ASUM Office of Transportation Director Jordan Hess said it took about 18 months of studying and vetting different options before deciding to purchase two new electric buses.

"We're making that move for two reasons," Hess said. "The buses are a significant environmental benefit, removing emissions and improving local air quality, but they will provide a significant cost savings over the long run. One of the things about these electric buses, is that they come with a higher up-front cost, but they will save a lot in operating costs over the life of the bus. Each bus will cost about $739,000, but we're estimating pretty conservatively that over the 12 year life of the bus that we'll save about $90,000 per bus."
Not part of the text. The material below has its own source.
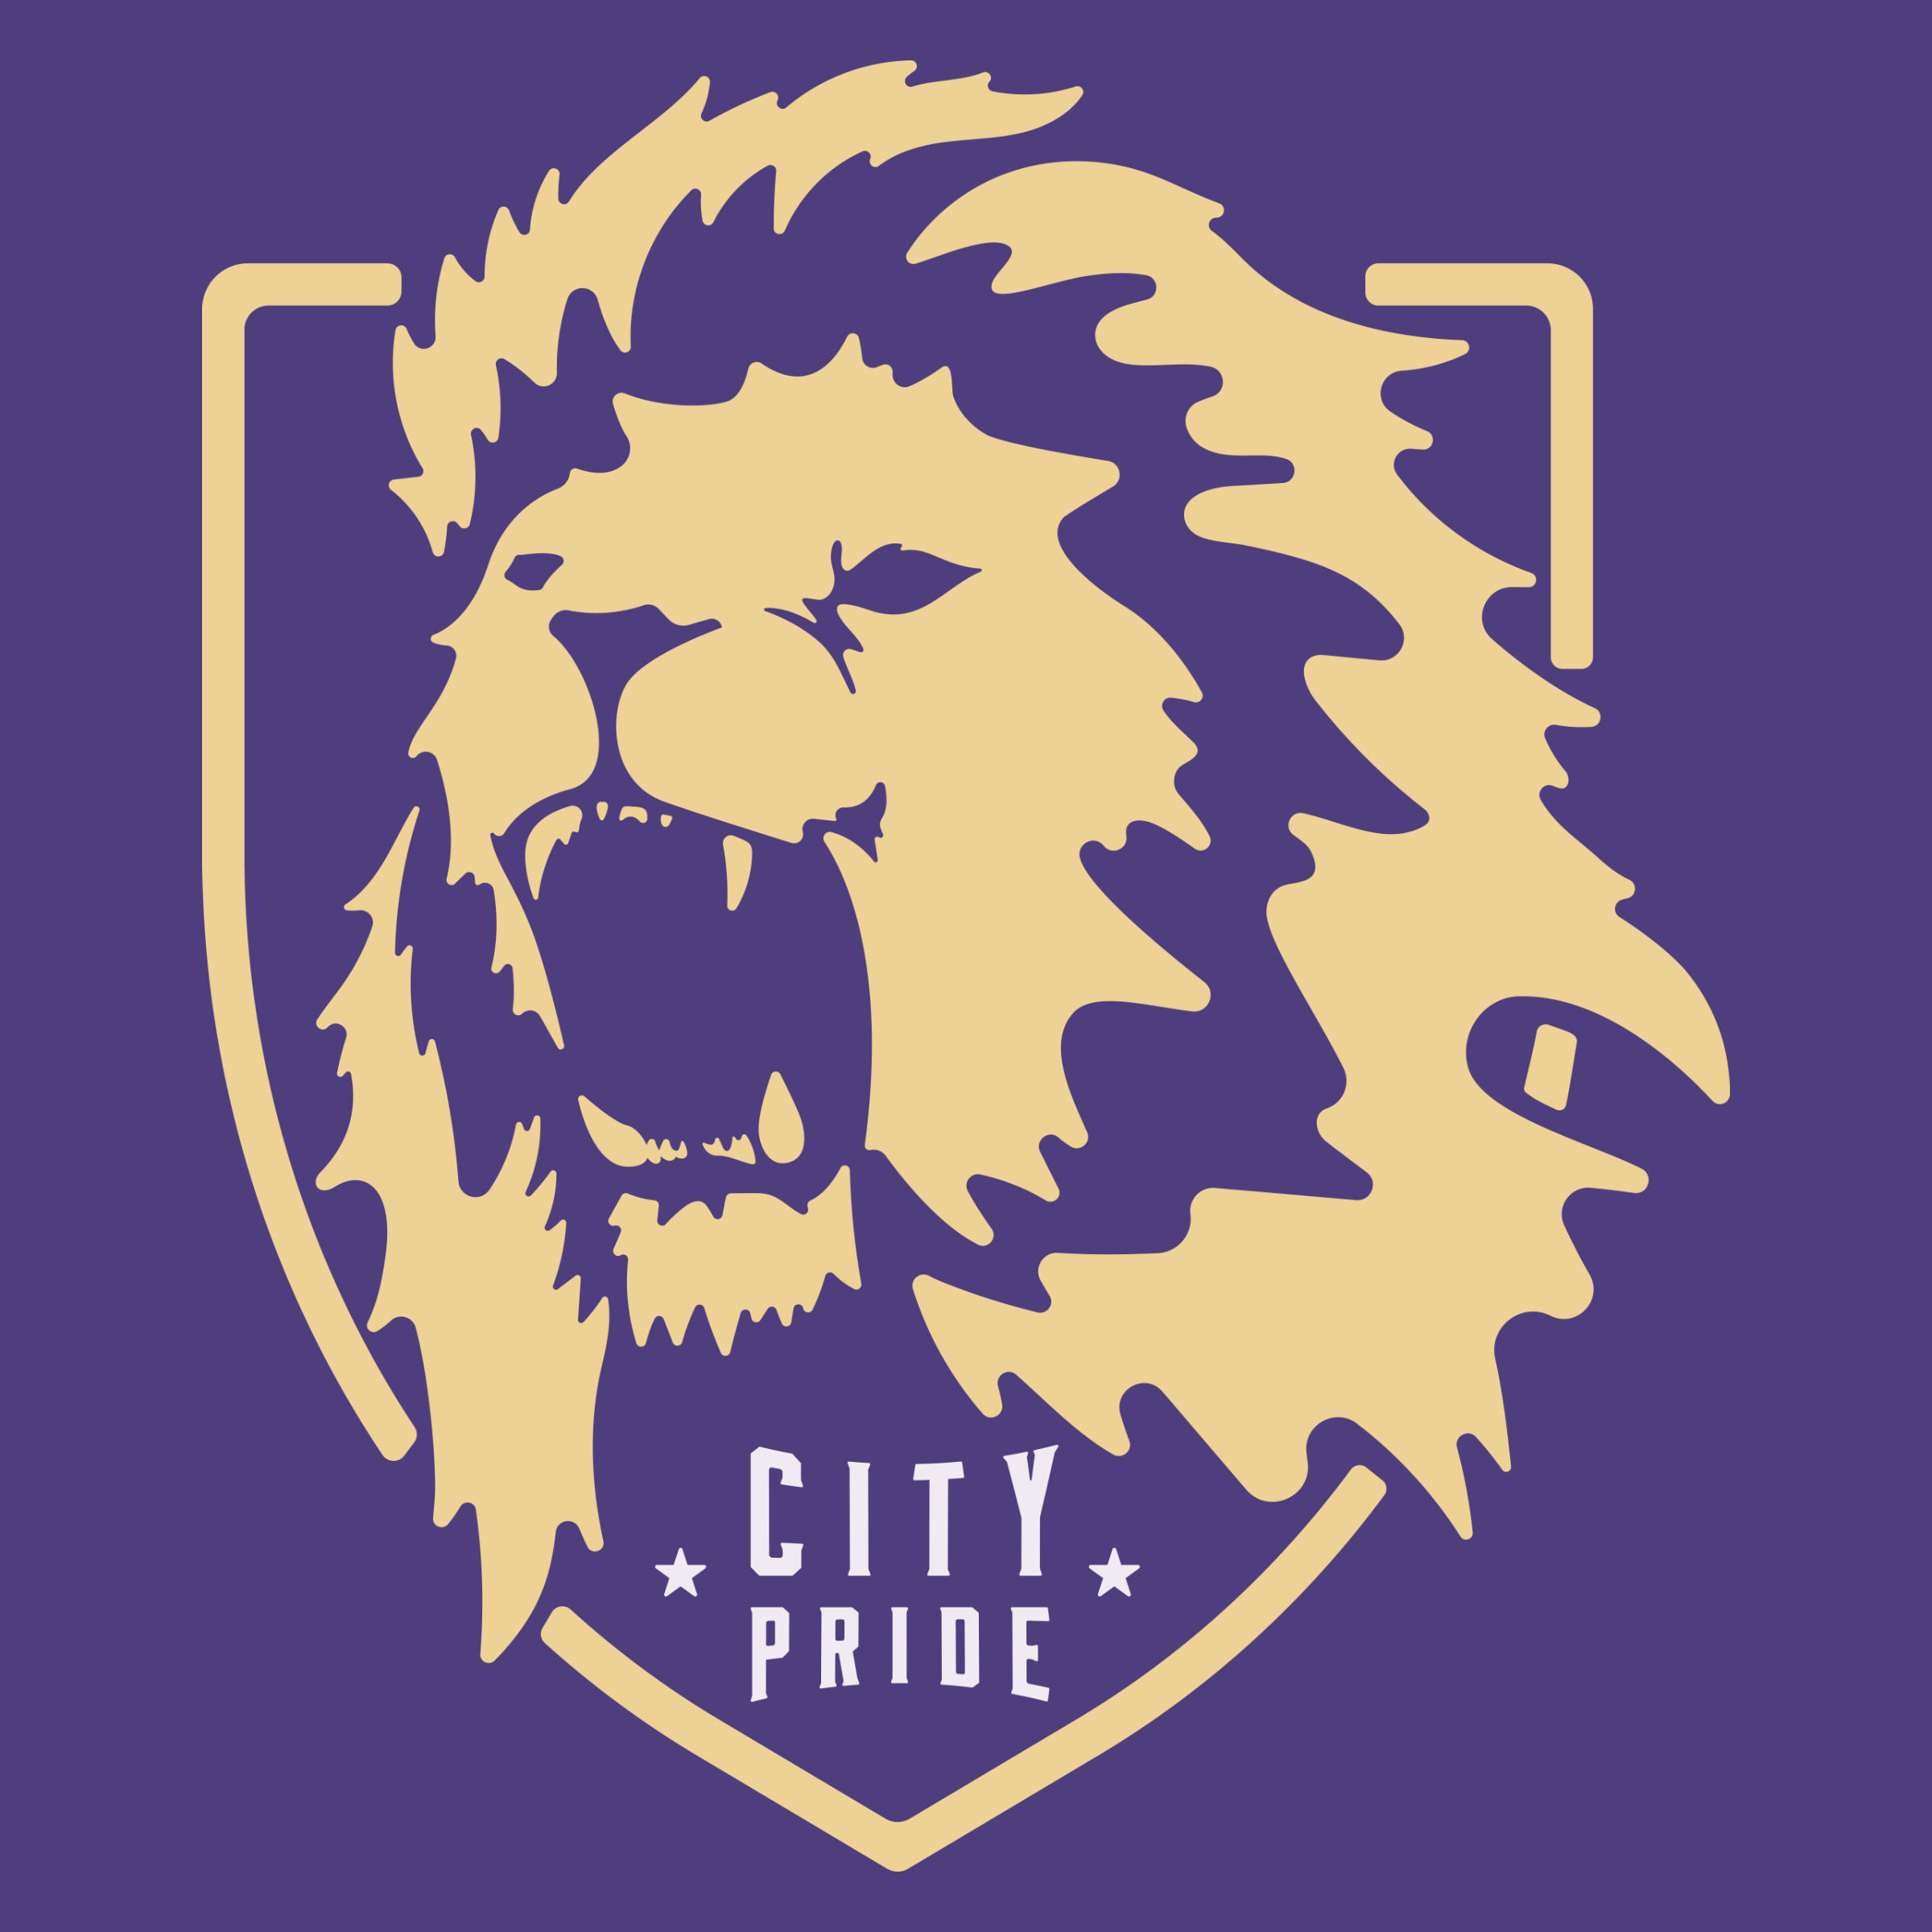 City Pride Detail

According to a press release, ASUM aims to finance the buses through the state of Montana’s INTERCAP Loan Program. ASUM received a Diesel Emissions Reduction Act grant from the U.S. Environmental Protection Agency, which is administered by the DEQ. The $163,191 grant aims to improve public health by reducing emissions and particulate matter.

"We're ordering two of them," he said, "They'll be in service for the 2016-2017 academic year. They're all custom built so they'll be moving down the production line this spring, and we look forward to receiving them in late summer."

With approval by the Montana University System Board of Regents, the press release added, the student-led transit agency will be the first in the U.S. to bring fast-charging electric buses to a University fleet.